Sensor Crop Factor Calculator
Calculate equivalent focal length and angle of view from sensor size and crop factor.
Compare full-frame, APS-C, Micro Four Thirds, and medium format sensors.
Crop factor describes the size ratio between a camera sensor and the 35mm full-frame standard (36mm × 24mm). It determines how a lens’s field of view is affected when used on a crop sensor camera. Understanding crop factor is essential when comparing lenses, building a kit, or switching between camera systems.
Crop Factor formula:
Crop Factor = Full-Frame Diagonal / Sensor Diagonal
Full-Frame Diagonal = √(36² + 24²) = √(1296 + 576) = √1872 = 43.27 mm
Equivalent Focal Length:
Equivalent FL = Actual Focal Length × Crop Factor
Equivalent Aperture (for depth of field and light):
Equivalent f-number = Actual f-number × Crop Factor
What each variable means:
- Crop Factor — the multiplier that converts an actual focal length to its full-frame equivalent field of view; APS-C Canon = 1.6×, APS-C Nikon/Sony/Fuji = 1.5×, Micro Four Thirds = 2.0×, 1" sensor = 2.7×
- Equivalent Focal Length — the full-frame focal length that produces the same angle of view; a 50mm on APS-C looks like an 80mm on full frame
- Equivalent Aperture — the f-number that produces equivalent background blur and light sensitivity; f/2.8 on APS-C ≈ f/4.2 on full frame for depth of field
Worked example: Fujifilm X-T5 (APS-C, crop factor 1.5×). Lens: 23mm f/1.4.

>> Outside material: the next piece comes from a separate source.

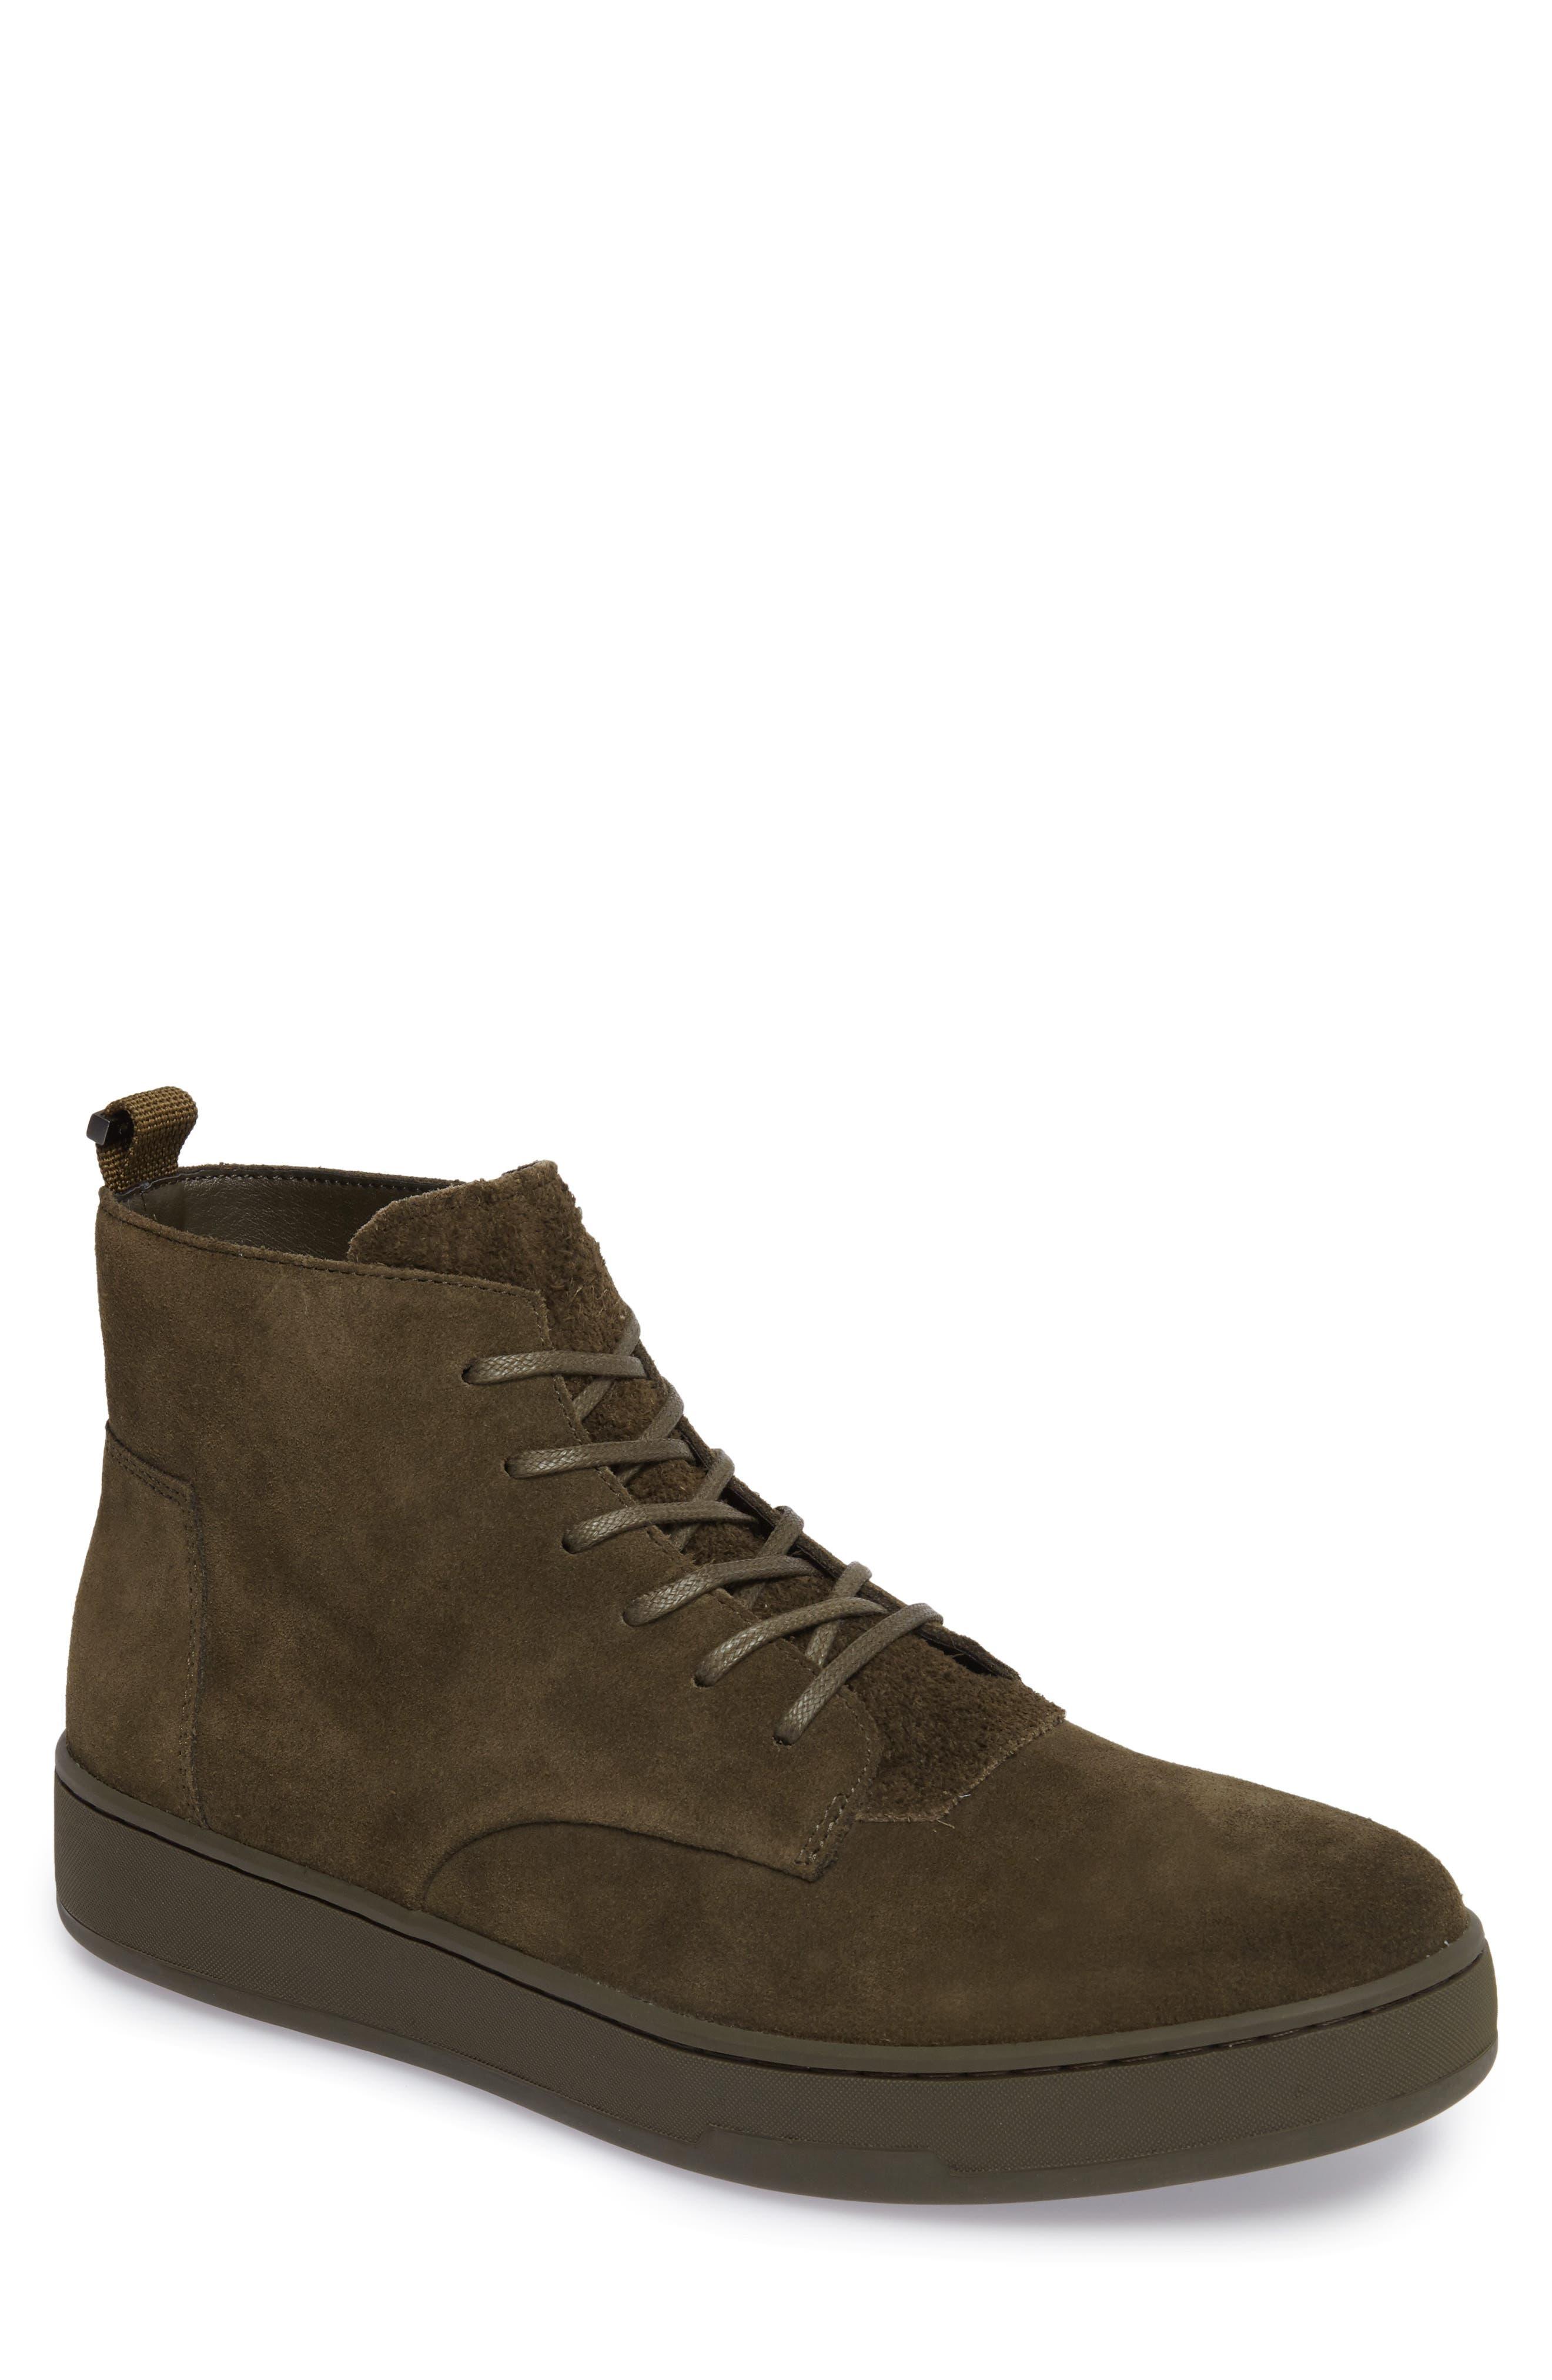 Alternate Image 1 Selected - Calvin Klein Natel Sneaker (Men)

Equivalent FL = 23 × 1.5 = 34.5mm (close to the classic 35mm “street photography” look on full frame) Equivalent aperture = f/1.4 × 1.5 = f/2.1 (for depth of field comparison)
So while the lens is fast at f/1.4 physically, the depth of field is shallower than a true 35mm f/1.4 full-frame lens — but still noticeably shallower than f/2 on full frame.
Common sensor crop factors: Full Frame (35mm): 1.0× | APS-C (Canon): 1.6× | APS-C (others): 1.5× | Micro Four Thirds: 2.0× | 1-inch: 2.7× | 1/2.3" (compact): 5.6×
When crop factor helps: APS-C and MFT sensors give telephoto reach at lower weight and cost. A 300mm f/5.6 on APS-C equals 450mm full-frame reach — valuable for wildlife and sports.